Congress Must Reform Itself to Change the CIA’s Culture of Secrecy

Last week we, together with our partner the Project On Government Oversight (POGO) and others, called on President Obama to request CIA Director John Brennan's resignation. This request was made in light of the disturbing confirmation that CIA employees improperly accessed records of investigators from the Senate Select Committee on Intelligence, and the CIA's lack of candor about the situation.

Holding only Mr. Brennan responsible for intolerable actions that happened on his watch is only one step towards creating accountability at the CIA, however. As the coalition letter calling for Brennan's resignation points out, the CIA's most recent actions are not an isolated incident. The letter points to a series of efforts by the CIA to obstruct the Senate Intelligence Committee's efforts to investigate the use of torture by the United States after the September 11 terrorist attacks. The CIA's abuse of secrecy to avoid accountability is not limited to torture either: there are outstanding questions about the CIA's drone strike program and the CIA refuses to release even basic unclassified spending information.

Actually penetrating the culture of secrecy at the CIA will require that Congress step up to the plate to perform stronger oversight and hold CIA and the entire intelligence community accountable for their roles in a democratic society. The current state of Congressional oversight of the intelligence community, including the CIA, is weak on accountability, to say the least. The creation of the House and Senate Intelligence Committees in the wake of revelations about domestic spying in the Watergate era was intended to provide better oversight of the intelligence community to prevent such abuses in the future. According both to current Committee members and Congressional observers, however, several factors prevent the structure from being effective.

It is ironic (we hope) that Congress is responsible in many ways for policies that make it difficult for it to conduct intelligence oversight. For example, if a Member of Congress wants to reveal classified information that the Executive Branch insists be kept secret, s/he must navigate a complicated patchwork of rules.
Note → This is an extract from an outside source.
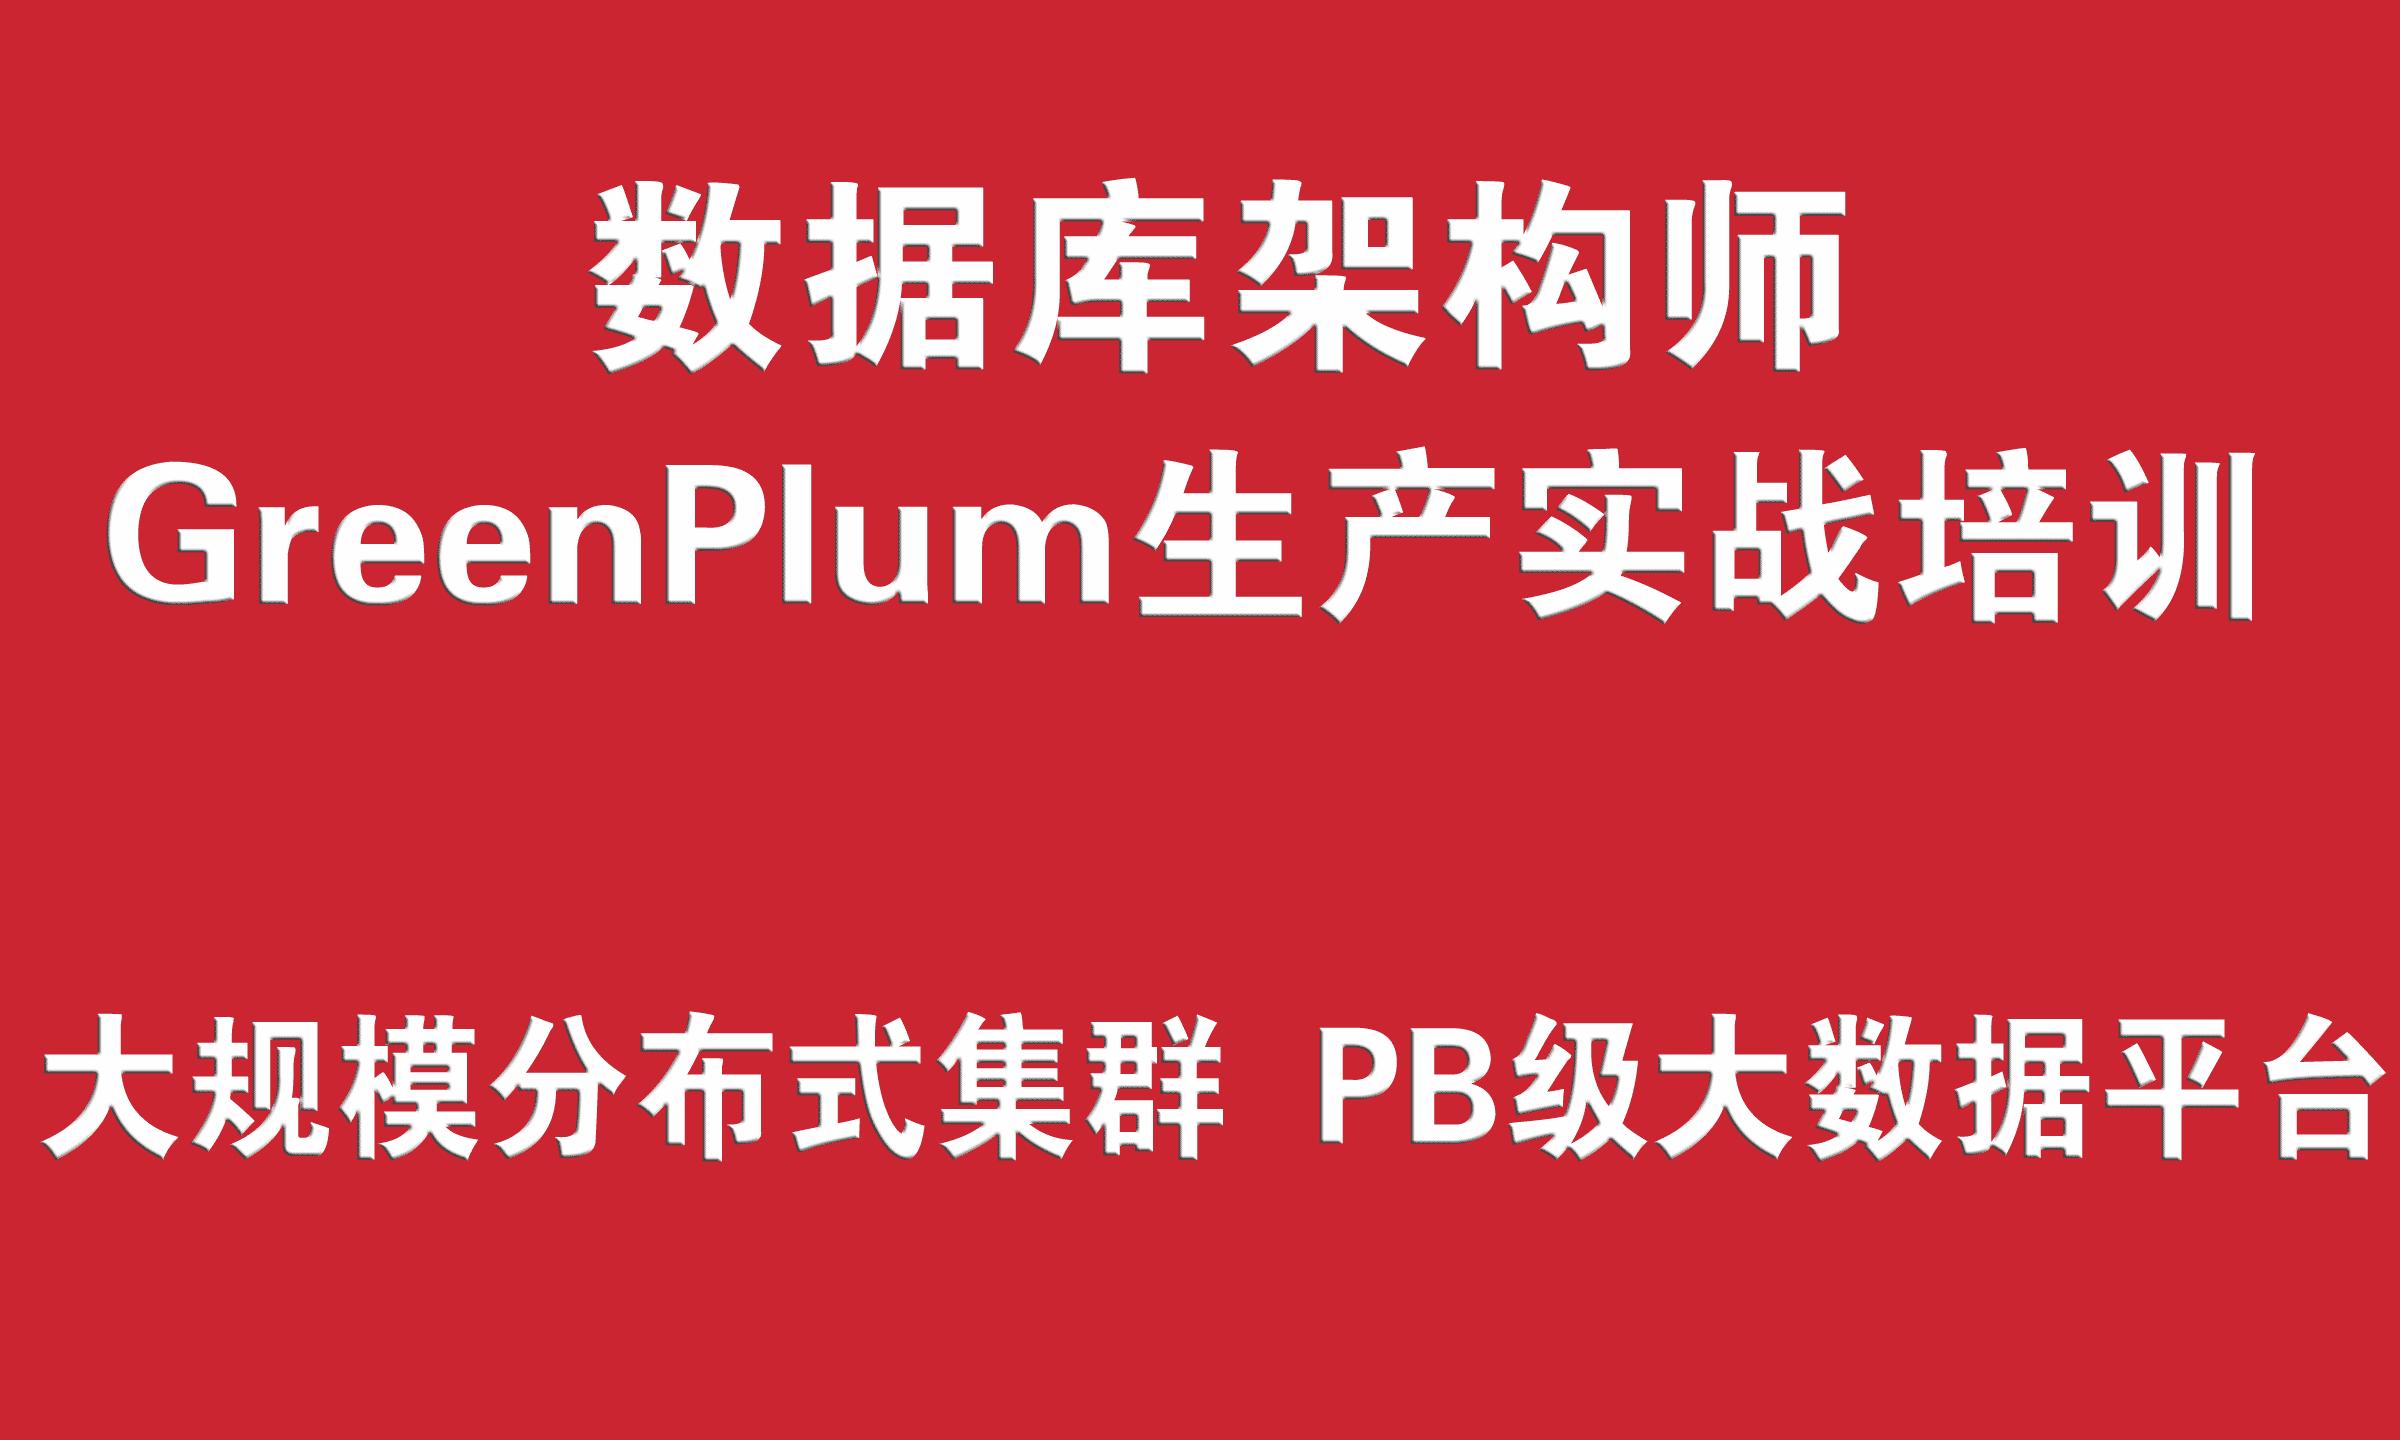 GreenPlum分布式集群数据库培训(PB级大数据平台、大规模分布式集群架构)

These policies — set in place by the legislative branch — mean that any threat to go public is essentially meaningless, as a 2006 study from the Center for American Progress pointed out. Indeed, people watching the debate over the NSA's surveillance programs prior to the Snowden revelations saw some of these complications play out as Senator Wyden attempted to ask questions about the extent of collection of American citizen's information — without revealing any classified information.

Worse, the Rules adopted the House and Senate Committee at the beginning of the 113th Congress also essentially bar Committee Members from disclosing anything discussed by the Committee, even if the material is not classified. And, troublingly, both House and Senate Committee Members have acceded to demands from intelligence agencies that they refrain from even taking notes on the substance of briefings.

The above are just a few examples of the way in which Congress has hamstrung its ability to conduct accountability oversight of the intelligence community. Congress can, and must, address its own policies and practices as one step toward ensuring our country’s intelligence and surveillance activities accord with the values of our open and democratic society.